▶ RAW DATA
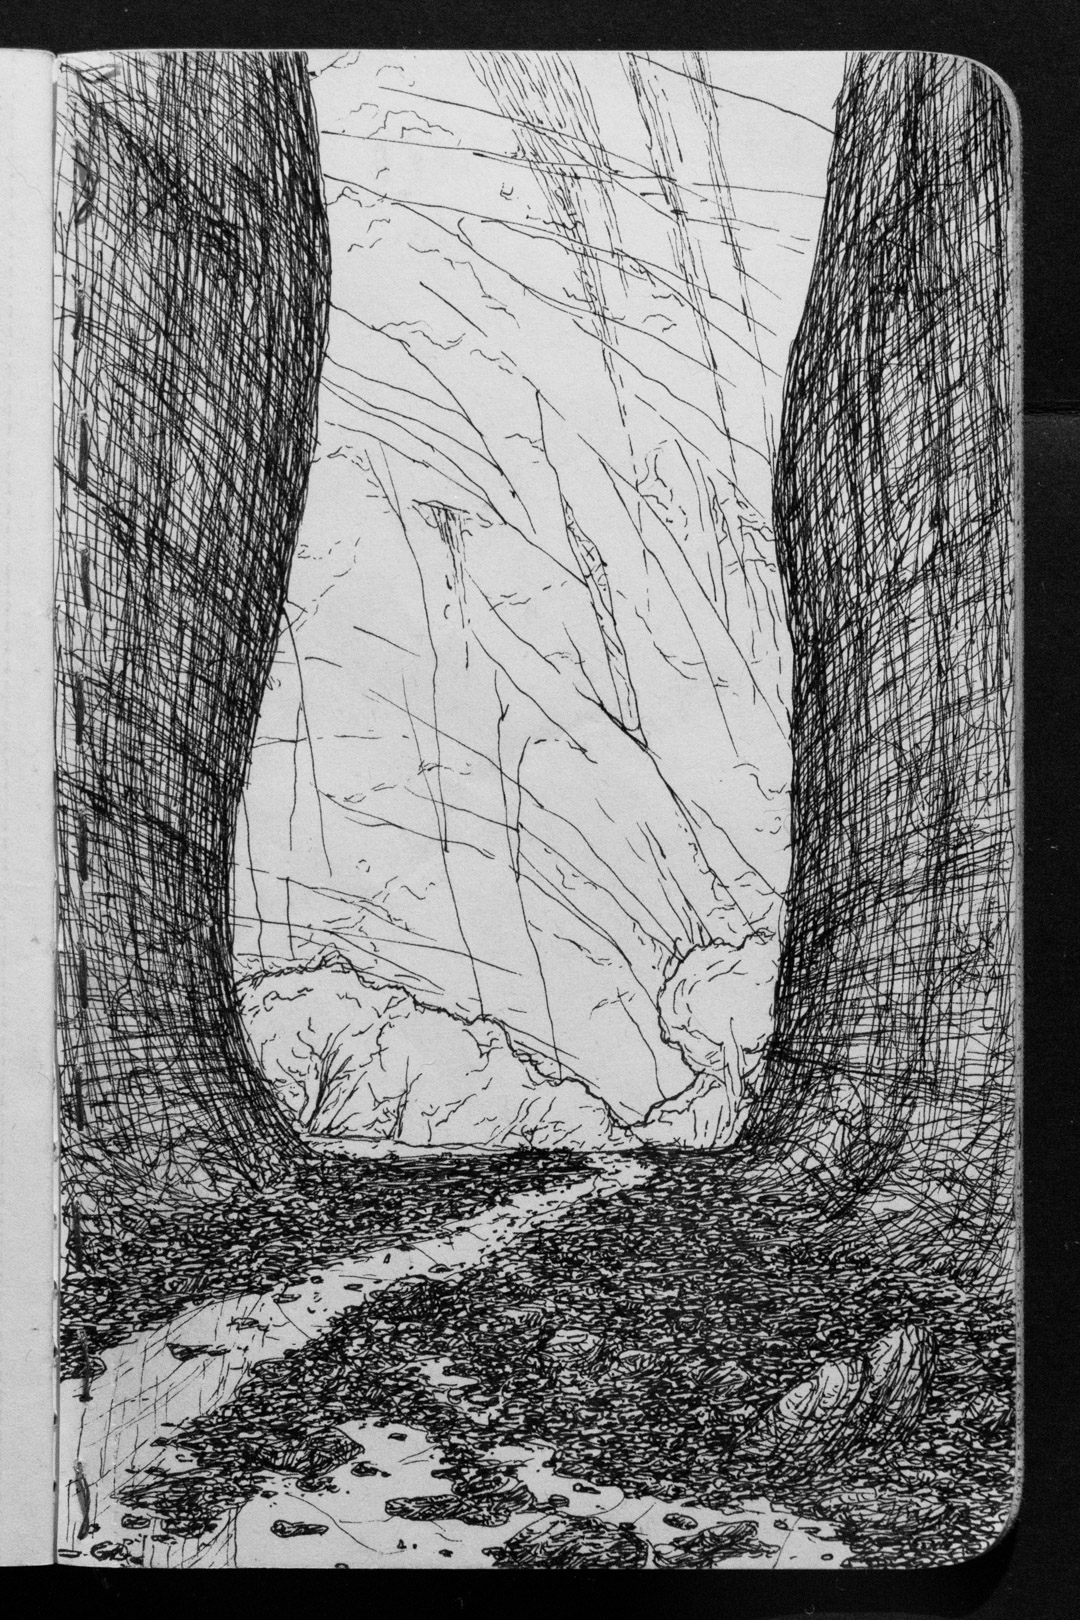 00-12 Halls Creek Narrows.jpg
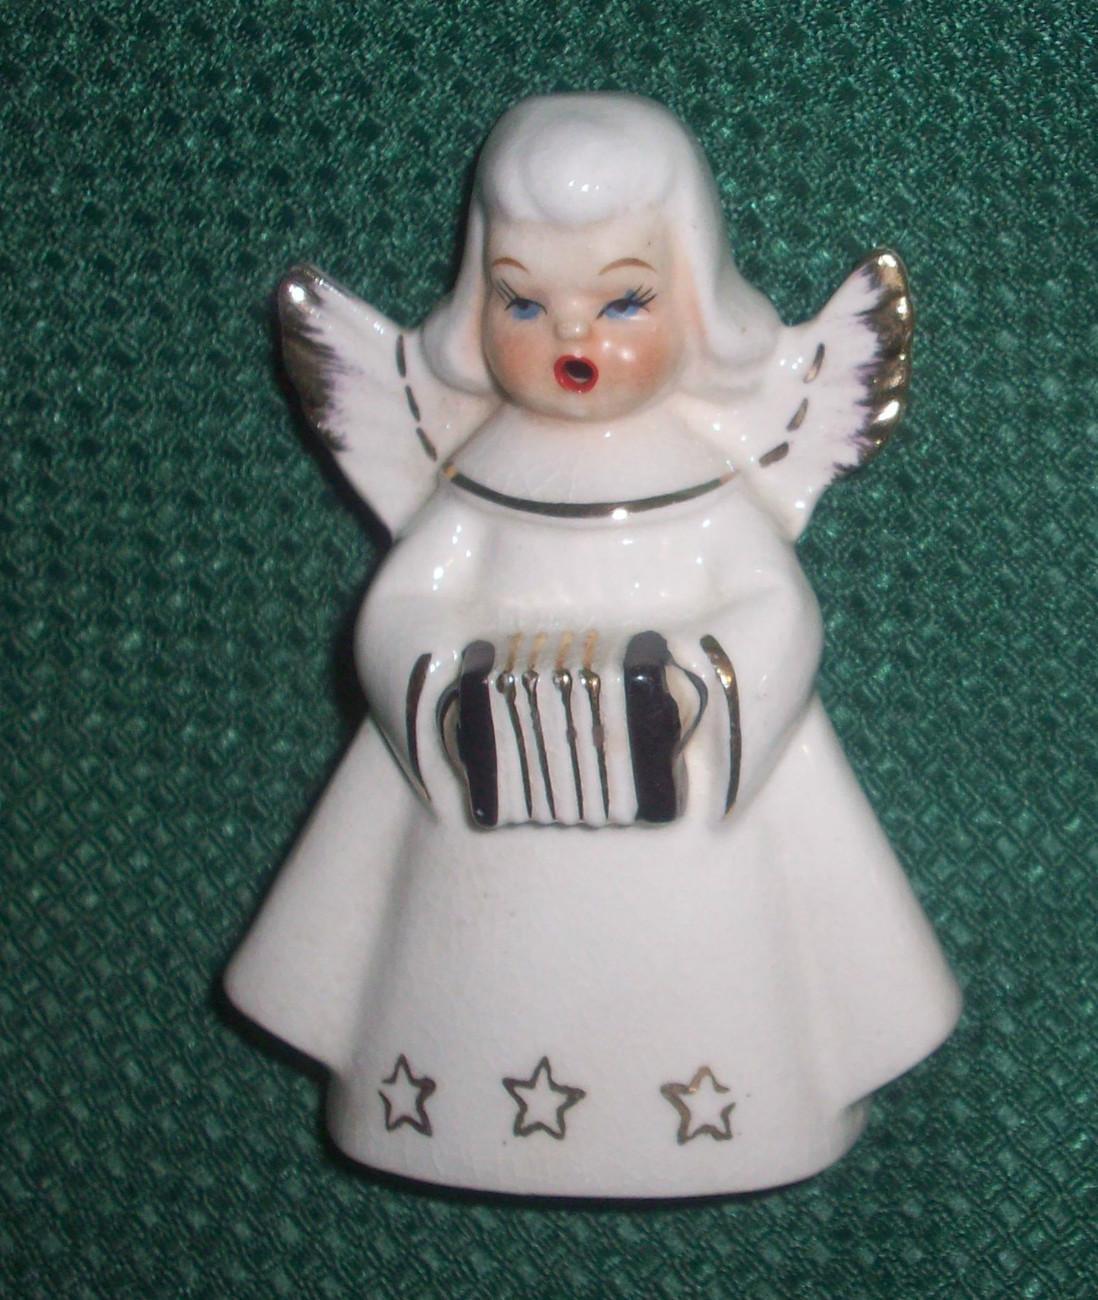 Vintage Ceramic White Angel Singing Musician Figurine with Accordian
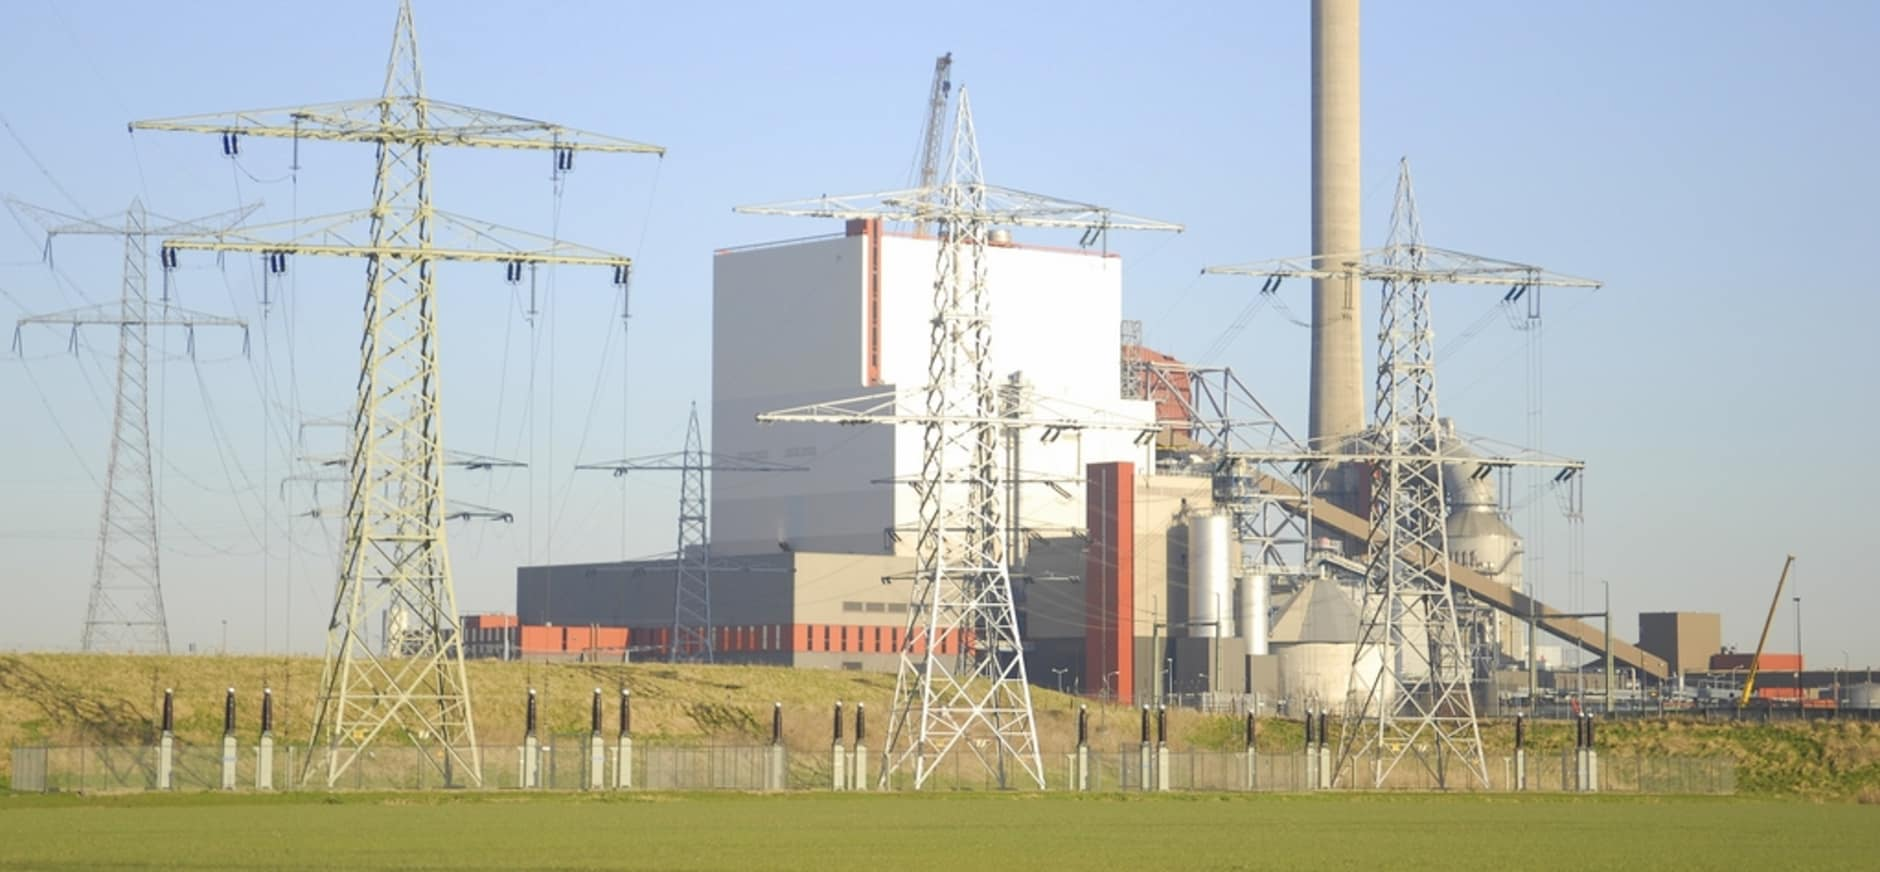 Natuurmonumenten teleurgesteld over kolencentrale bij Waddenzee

▶ ACTIVITY
Everything in the data above gets copied exactly. Only the pictures are skipped.

▶ WRITTEN RESPONSE
 00-12 Halls Creek Narrows.jpg
 Vintage Ceramic White Angel Singing Musician Figurine with Accordian
 Natuurmonumenten teleurgesteld over kolencentrale bij Waddenzee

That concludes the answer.